Similarly, future investigations should include assessments of visual functions susceptible to changes in estrogenic activity. Because SWS-cone-mediated visual response is important only for color vision and not, for instance, for fine spatial resolution,294 AI-induced changes in SWS-cone-mediated response182 are not expected to compromise a person's ability to function in her environment. By the same token, however, SWS-cone-mediated response sensitivities can be measured using established procedures that provide an exceptionally high degree of functional isolation,216, 295, 296 thereby allowing the response dynamics of an operationally well-defined neural substrate to be measured behaviorally with little or no intrusion from other neural substrates182 (which do not share the same pre-corrical anatomic pathways dedicated to SWS-cone-mediated vision297, 298). If the temporal integration periods of SWS-cone-mediated response are prolonged by AI use, as we hypothesize, there is only a remote chance that no other neural substrate is made more sluggish in this way. We therefore suggest that psychophysical studies be conducted to determine whether AIs cause the temporal integration periods for SWS-cone-mediated response to become prolonged. (Corresponding fMRI studies may be performed,299, 300 but because of practical constraints, fMRI studies are limited to small numbers of subjects.) If our hypothesis is supported, a next step is to determine whether response sluggishness measured for SWS-cone-mediated vision can be used to mark deficits in cognitive processing that may result from one or more adjuvant endocrine therapies.224 For the present, we recommend that studies of BC survivors’ cognitive function begin to record or screen for eye health and also add tests of spatial vision so that sensory deficits are not misconstrued as cognitive deficits.206
Acknowledgments
Portions of this work were supported by NIH grant EY014594 (to A. Eisner). We would like to thank Alison Conlin, MD, MPH, and David Sullivan, PhD, for critiquing the manuscript; and Linda Simmons, MLS, for help locating references.
Notice of correction
The Early Online version of this article published online ahead of print on 5 August 2011 contained errors.
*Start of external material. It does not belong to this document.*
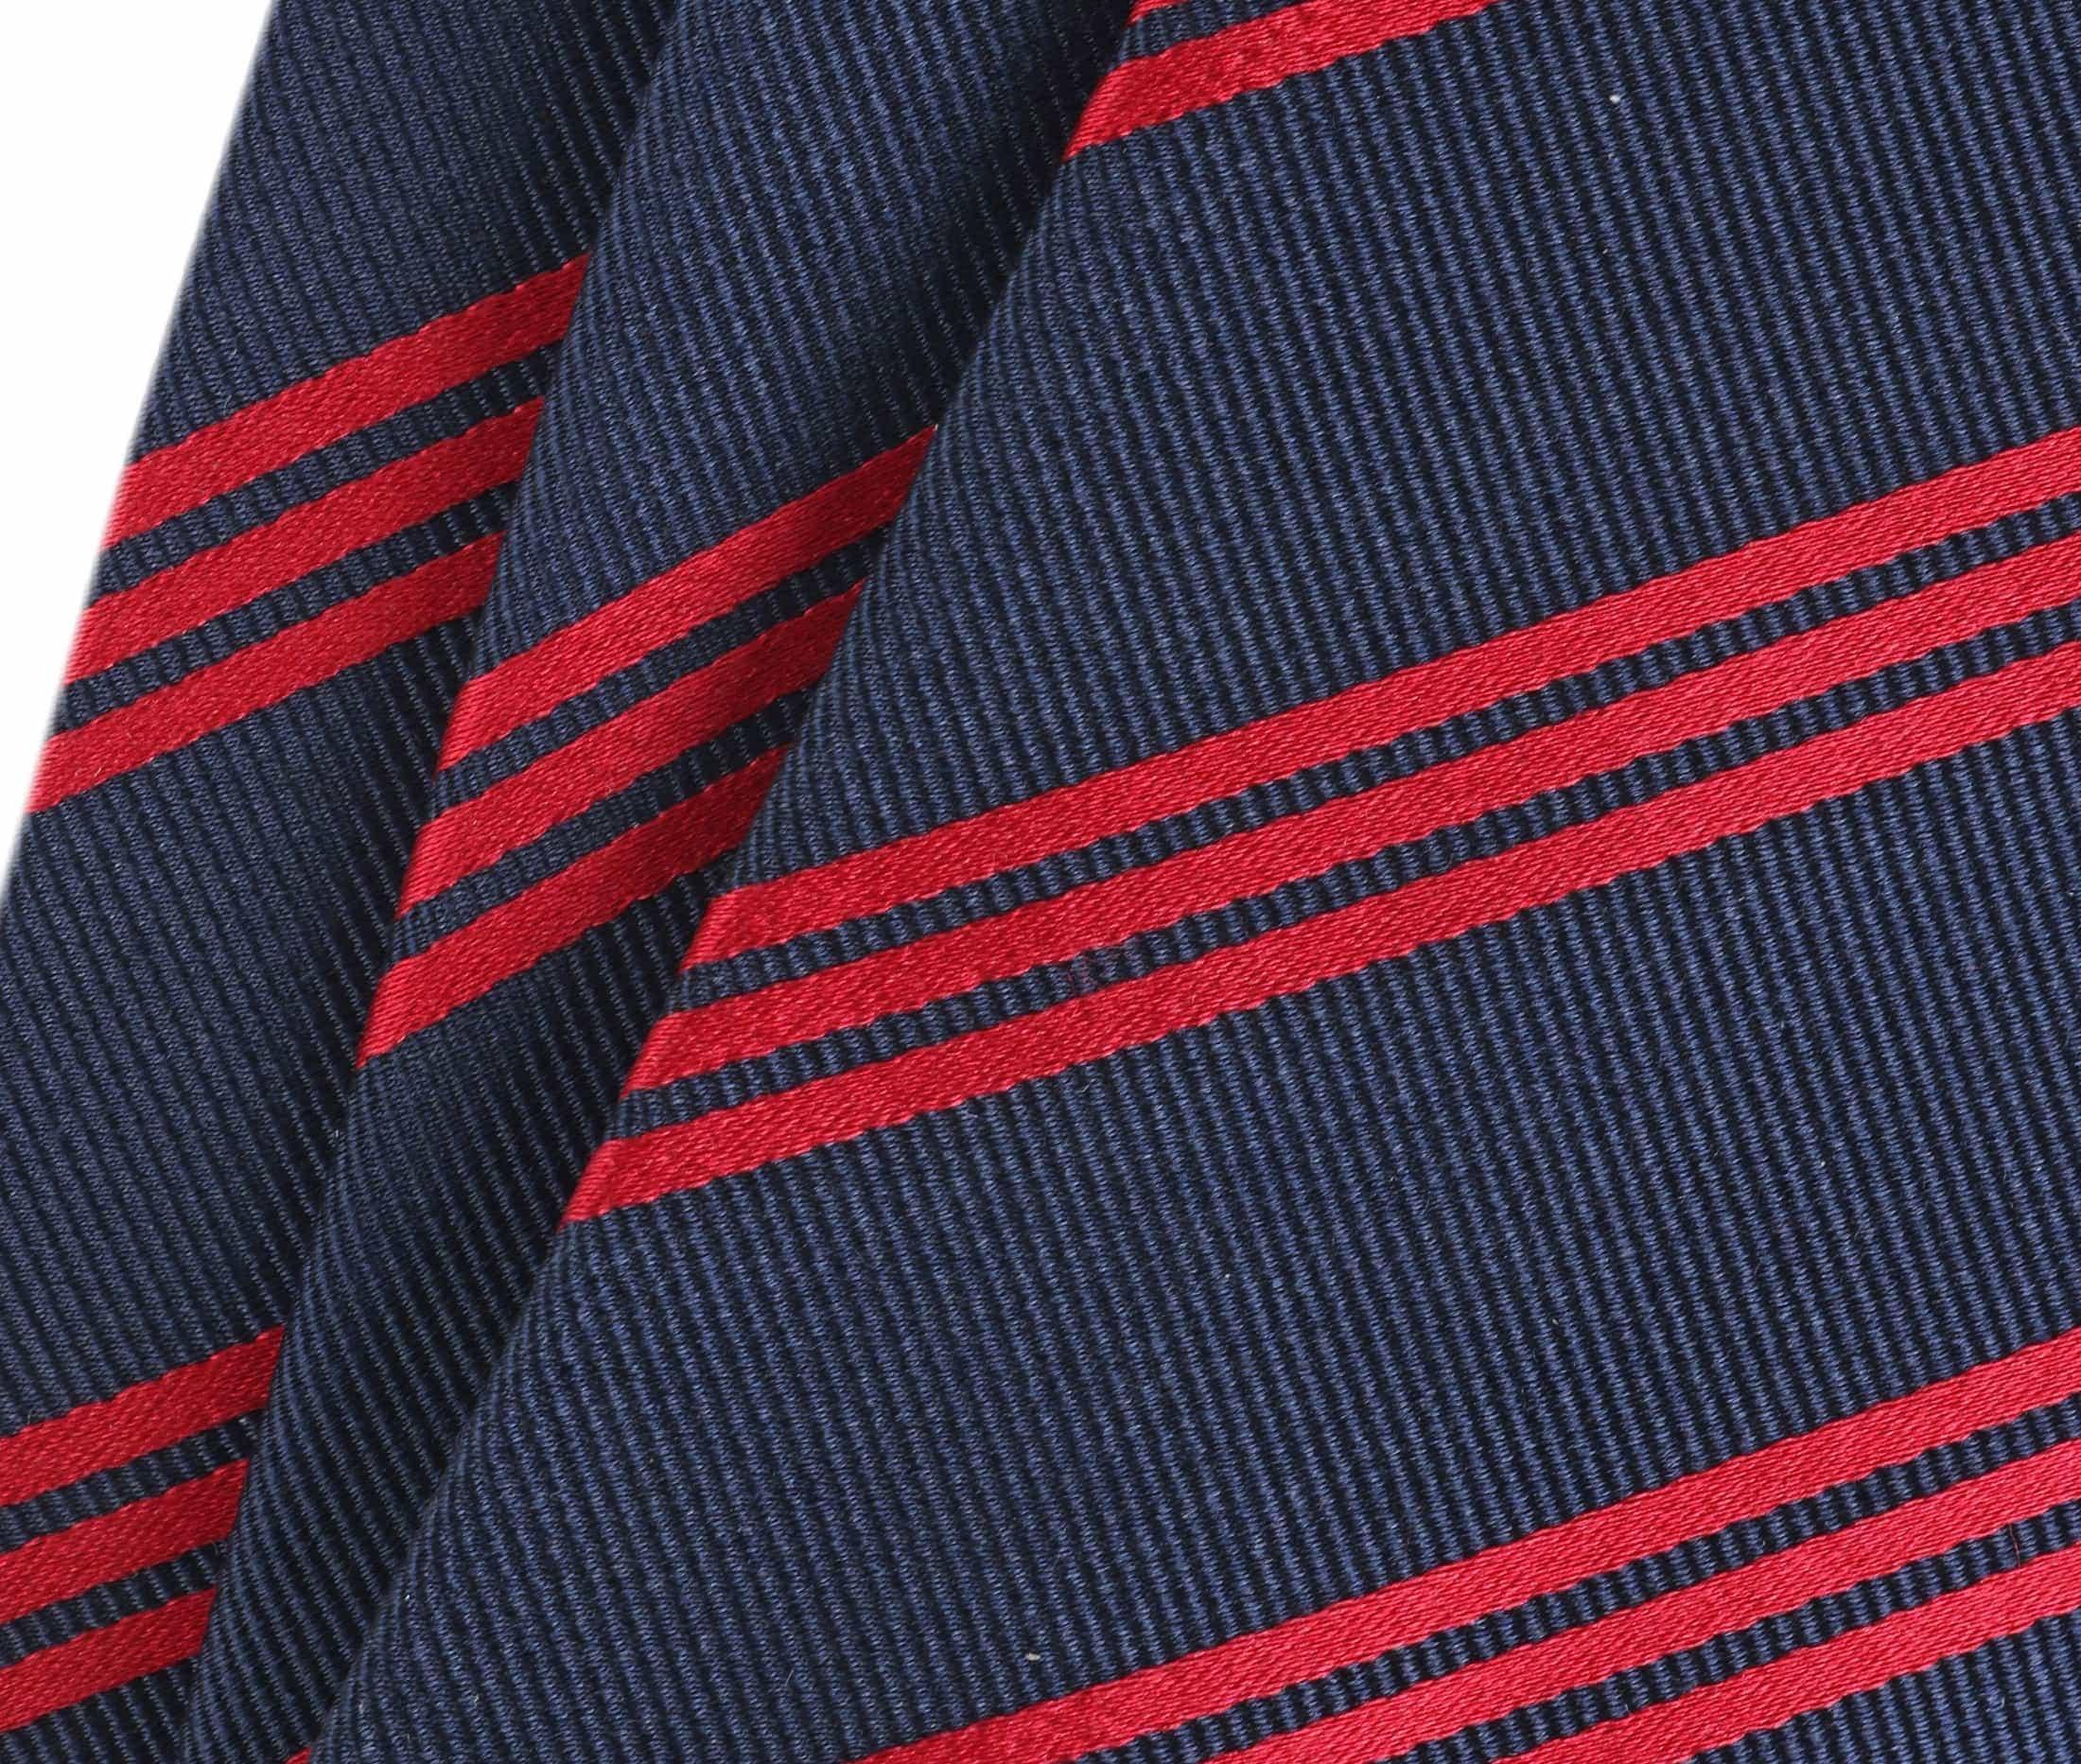 Krawatte Seide Streifen Navy Rot foto 1

The start of the Abstract on page 867 has been changed from “This review concerns the visual and ocular effects…” to “This review concerns the effects on vision and the eye…”
The original receipt date has been added at the bottom of page 867.
Capitalization has been corrected in the section heading on page 873.
These errors have been corrected for the current version.
Declaration of interest
The authors report no conflicts of interest. The authors alone are responsible for the content and writing of the paper.